* _EXERCISE GOAL_
Output nothing but the lines from the one holding "Bracket Kit Spurtar" to the end of the listing. Reproduce them exactly, without the pictures.

* _EXERCISE DATA_
:::

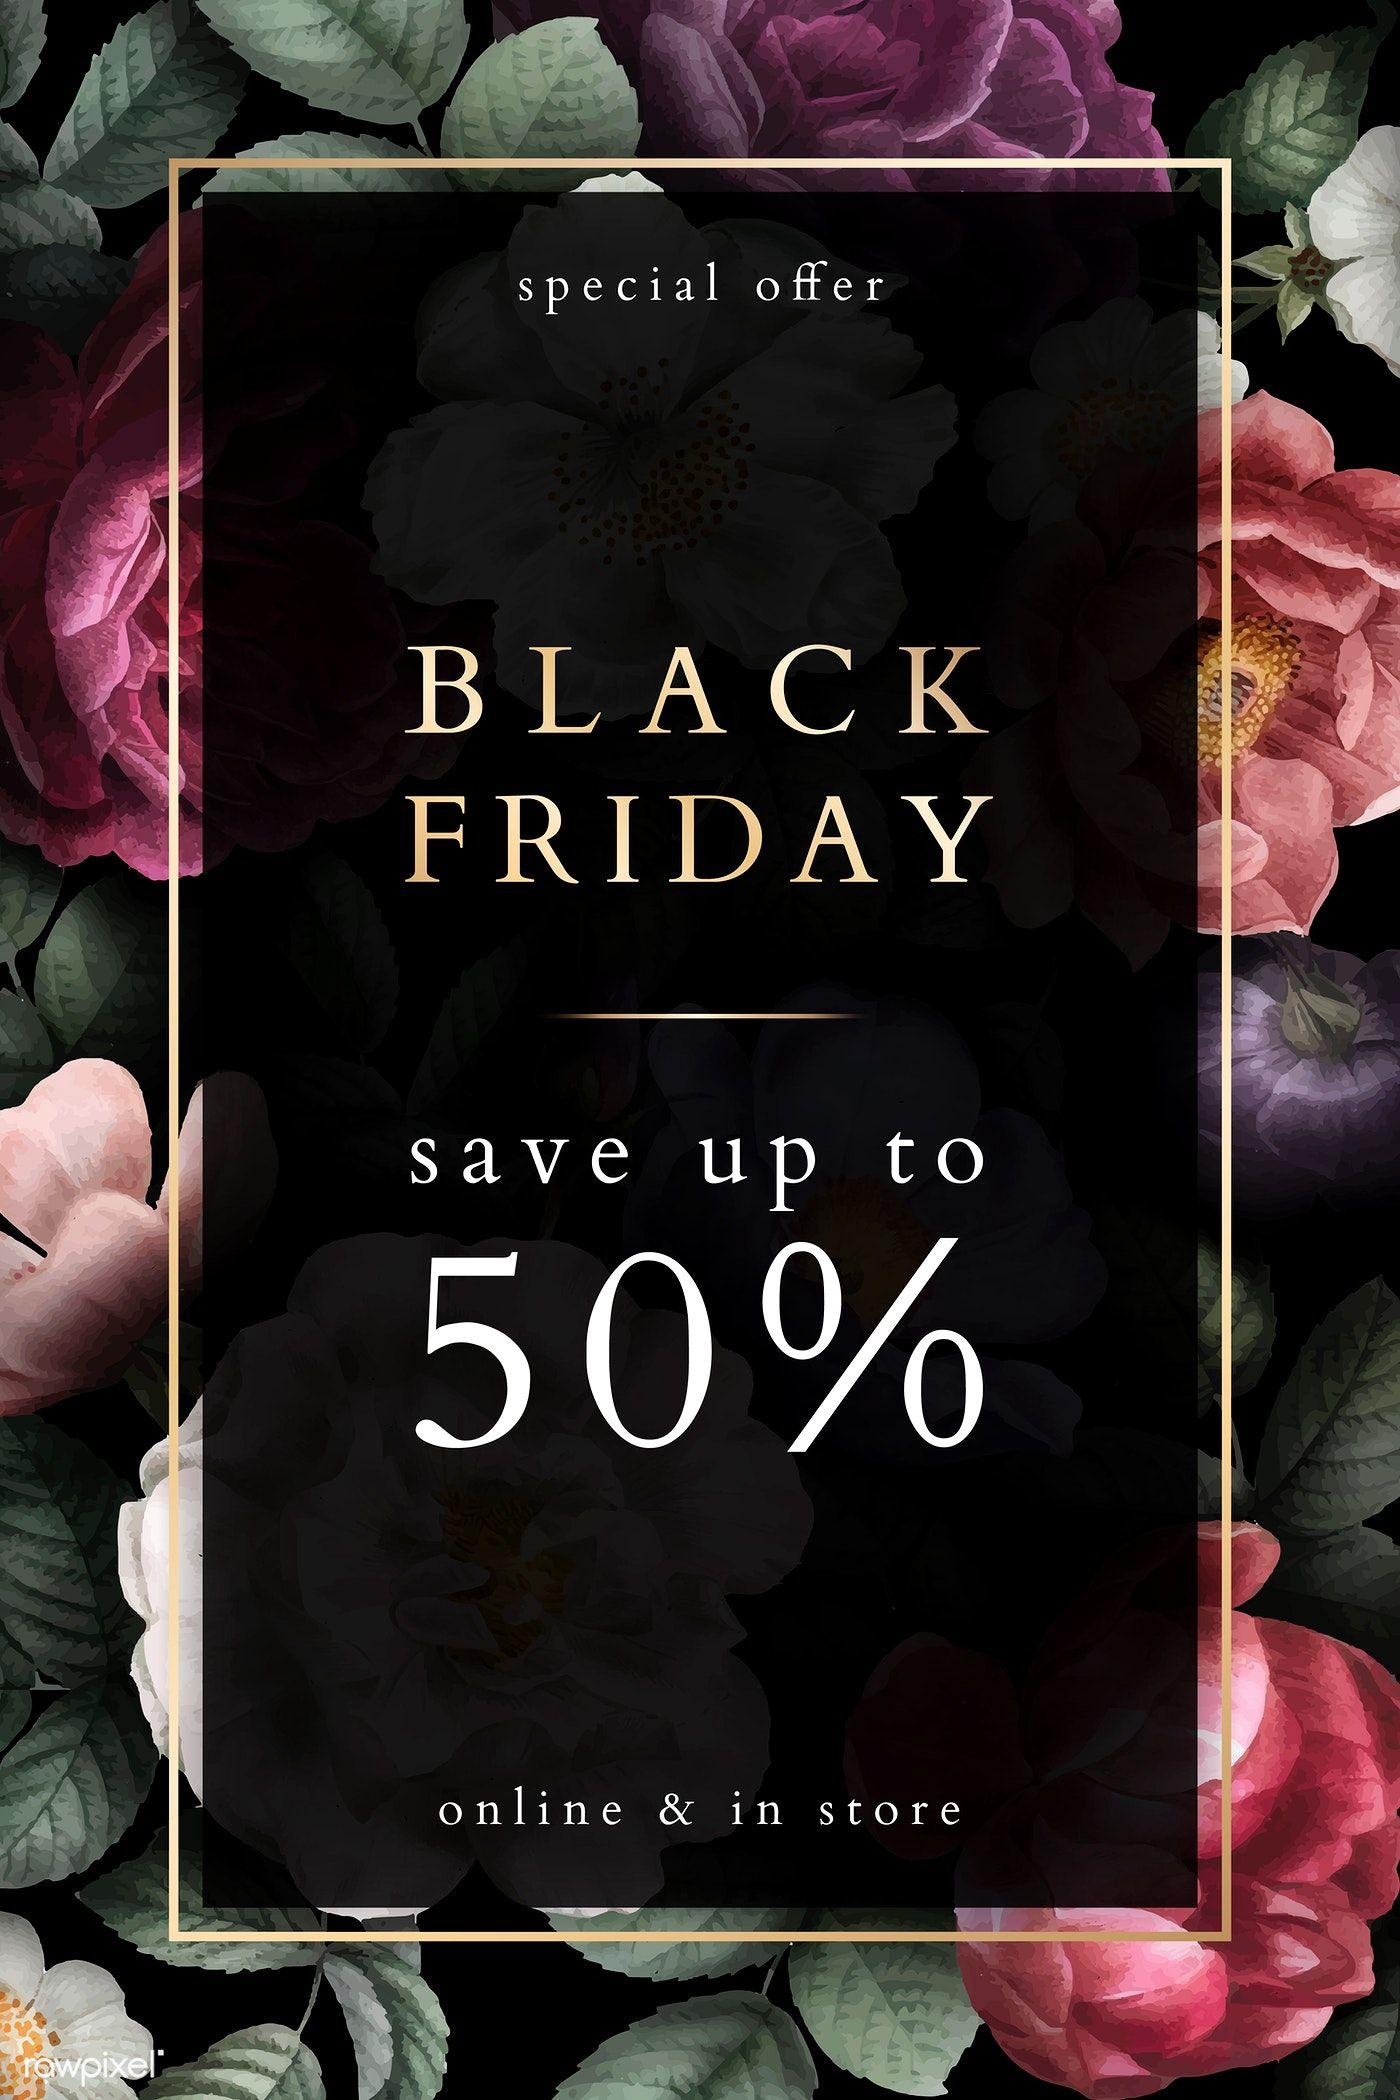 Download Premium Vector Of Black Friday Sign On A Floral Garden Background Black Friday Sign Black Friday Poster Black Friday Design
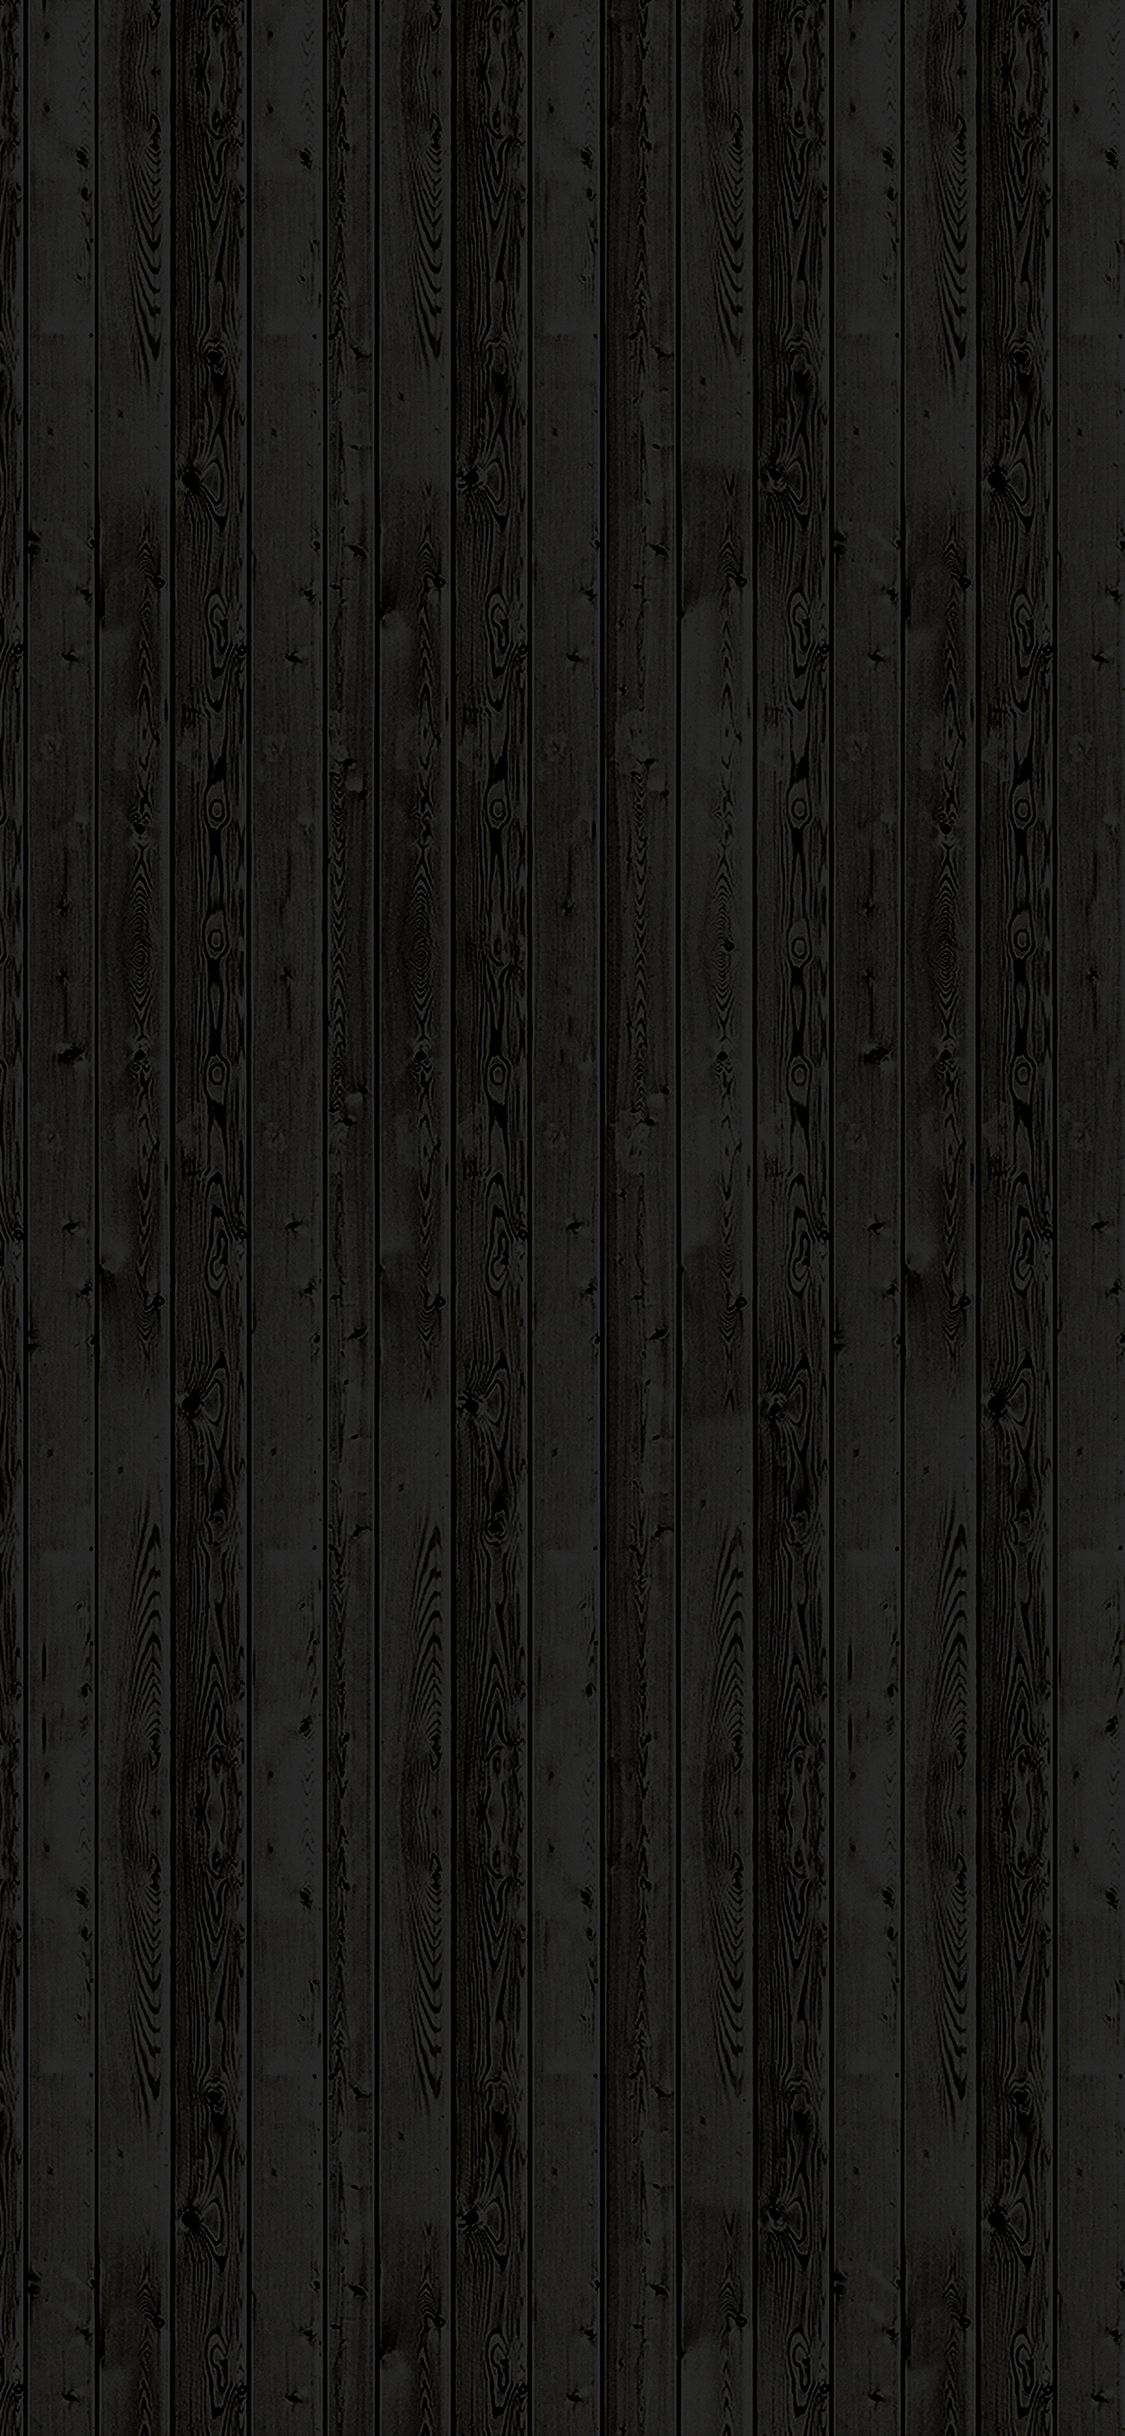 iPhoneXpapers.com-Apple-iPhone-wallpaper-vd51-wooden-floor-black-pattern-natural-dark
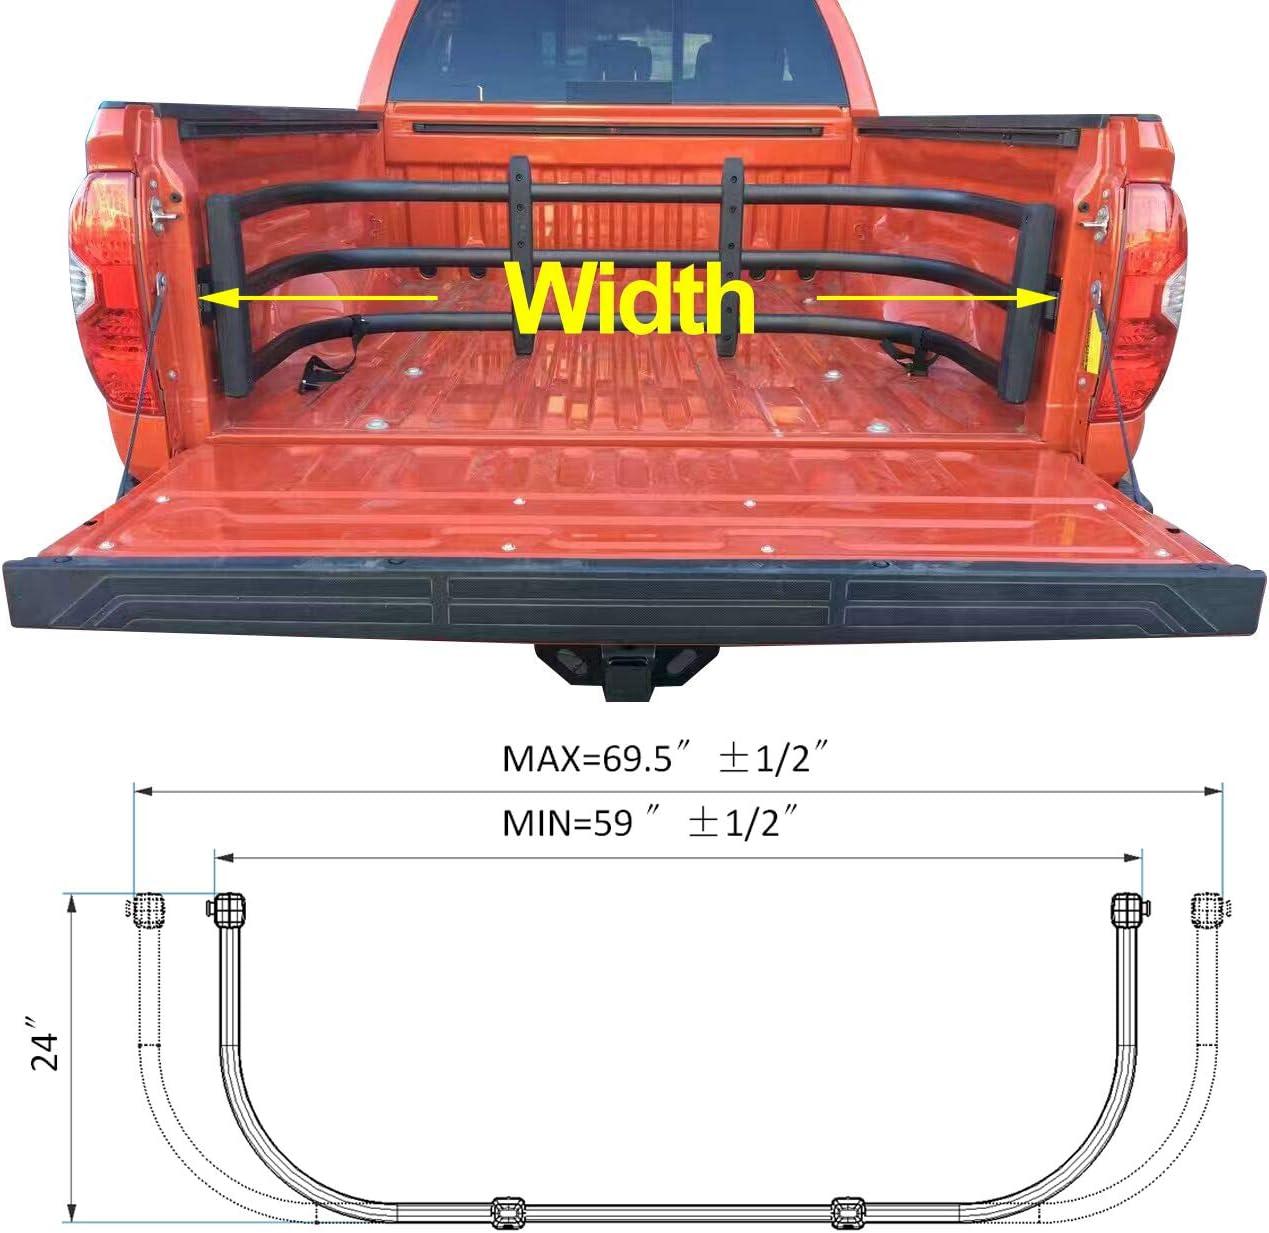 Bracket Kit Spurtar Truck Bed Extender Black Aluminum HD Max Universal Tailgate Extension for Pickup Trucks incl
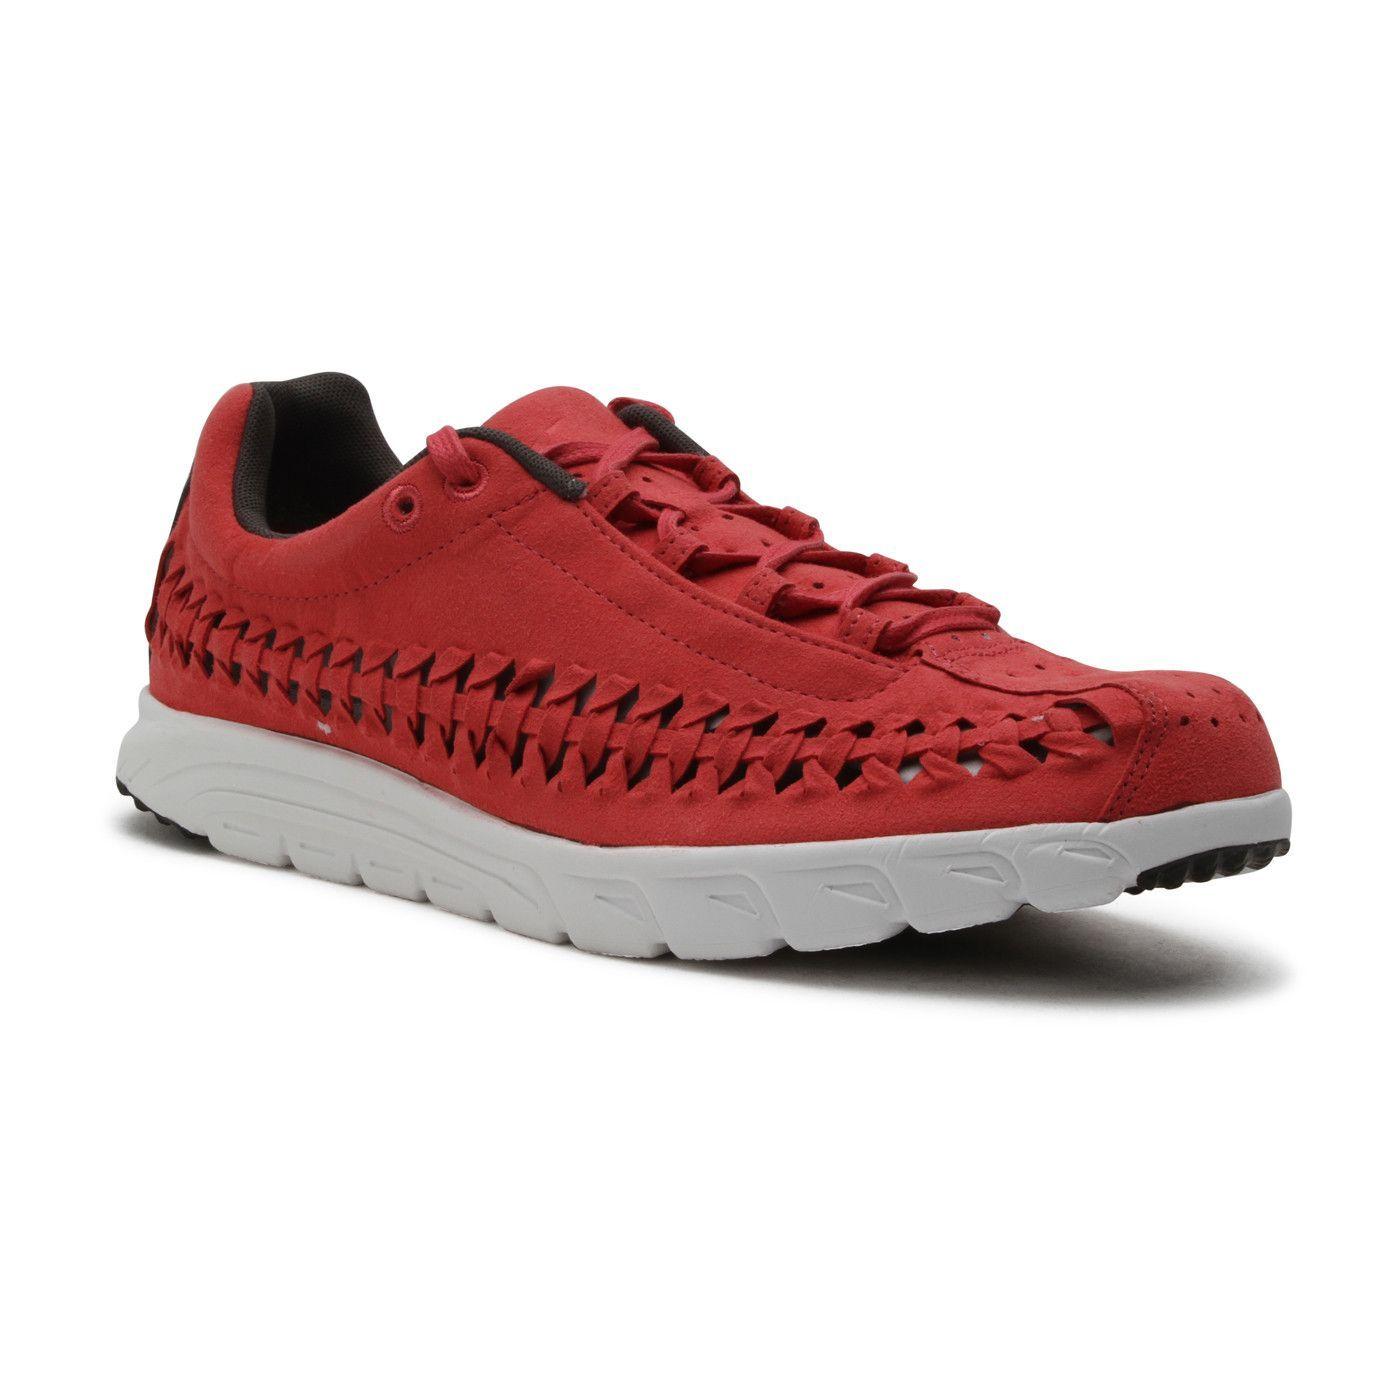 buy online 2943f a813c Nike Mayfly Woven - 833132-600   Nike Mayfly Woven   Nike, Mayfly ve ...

:::

* _RESPONSE AREA_
 Bracket Kit Spurtar Truck Bed Extender Black Aluminum HD Max Universal Tailgate Extension for Pickup Trucks incl
 buy online 2943f a813c Nike Mayfly Woven - 833132-600   Nike Mayfly Woven   Nike, Mayfly ve ...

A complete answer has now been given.